WHAT YOU SHOULD DO: Every line from the one containing "Morellino_logo.png" to the one containing "Promotion Du Vendredi" in the records below, both included, must be set down exactly, and no other line.

DATA FOR THIS TASK:
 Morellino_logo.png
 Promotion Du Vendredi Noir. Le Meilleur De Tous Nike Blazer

---

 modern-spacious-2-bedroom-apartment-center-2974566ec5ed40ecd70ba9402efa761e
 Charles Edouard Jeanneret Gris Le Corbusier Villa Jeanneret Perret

...

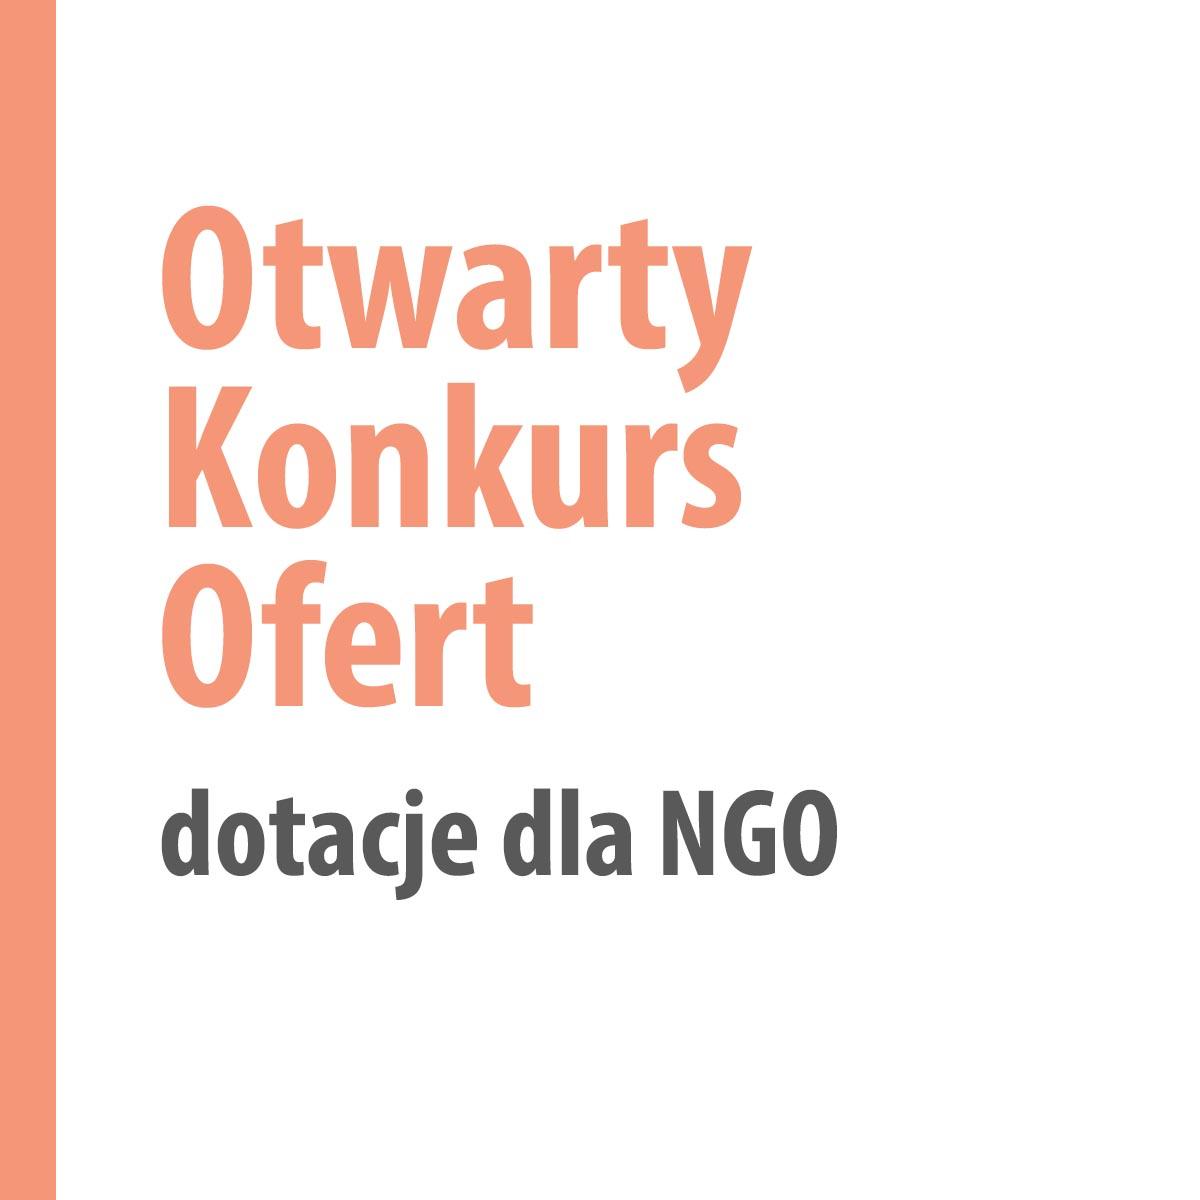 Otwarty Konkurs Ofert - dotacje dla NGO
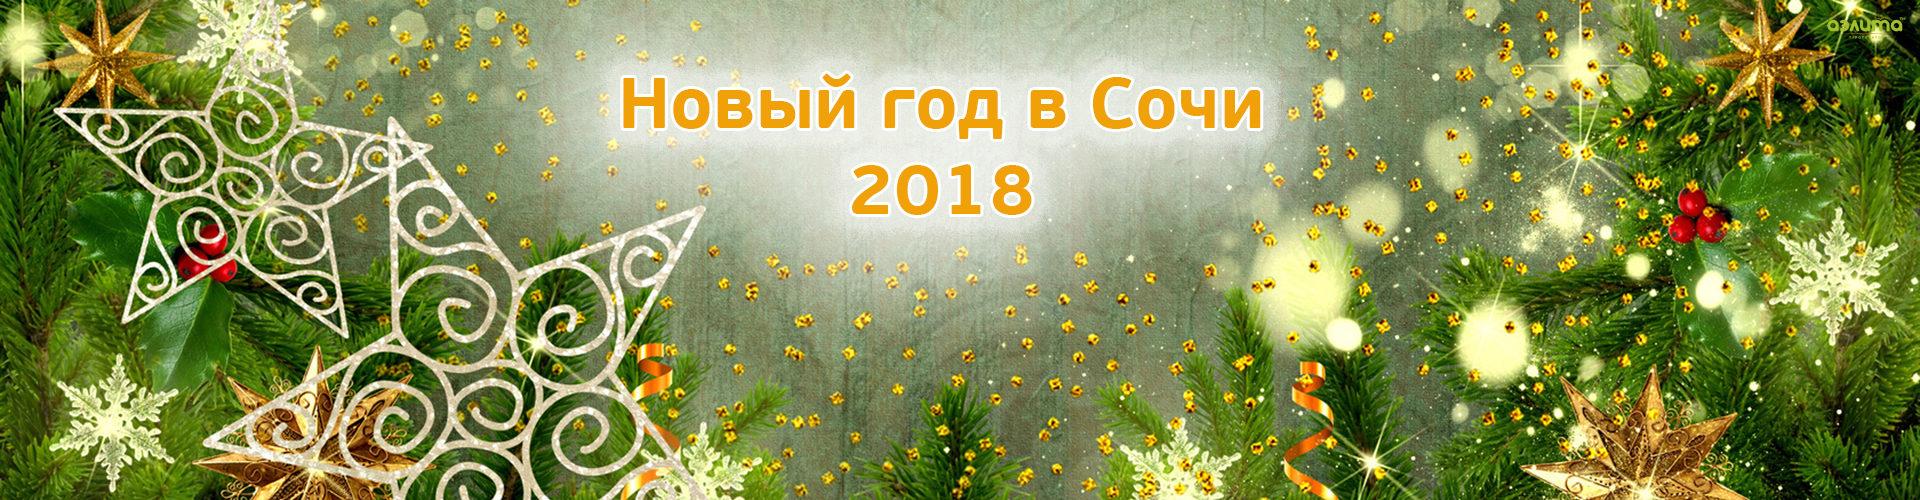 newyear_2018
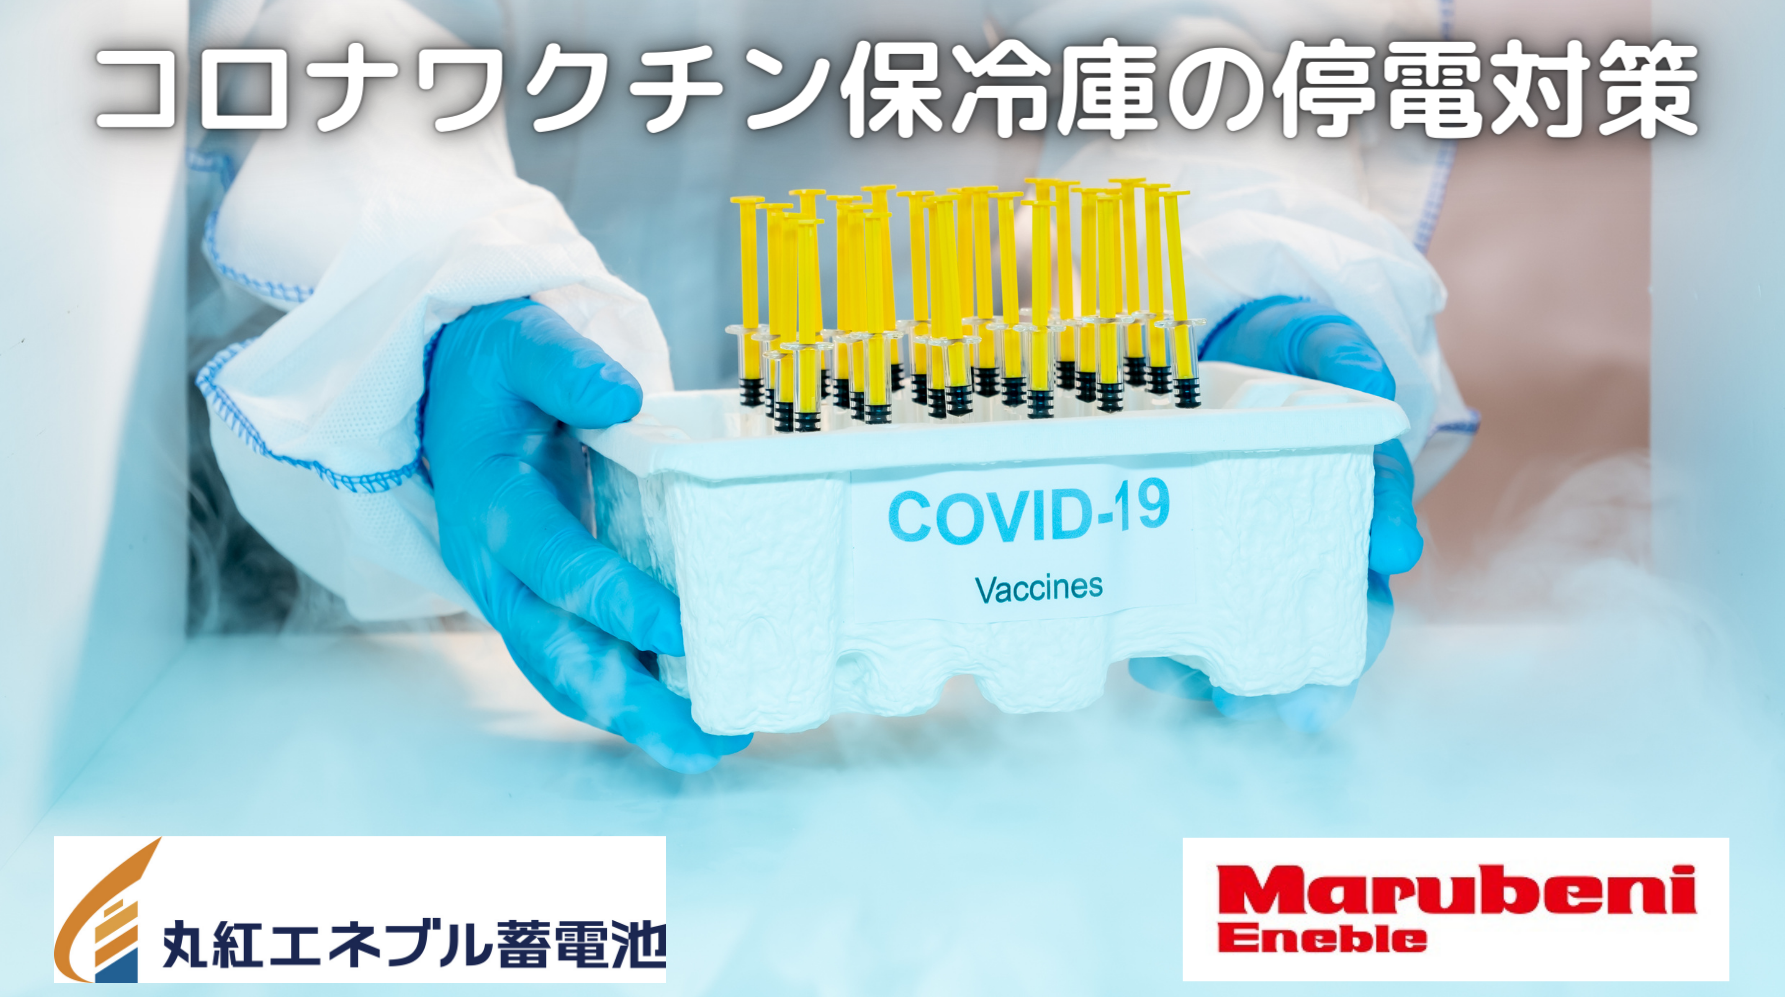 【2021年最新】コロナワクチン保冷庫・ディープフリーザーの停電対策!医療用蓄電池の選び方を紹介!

ANSWER TO THE PROBLEM:
 Morellino_logo.png
 Promotion Du Vendredi Noir. Le Meilleur De Tous Nike Blazer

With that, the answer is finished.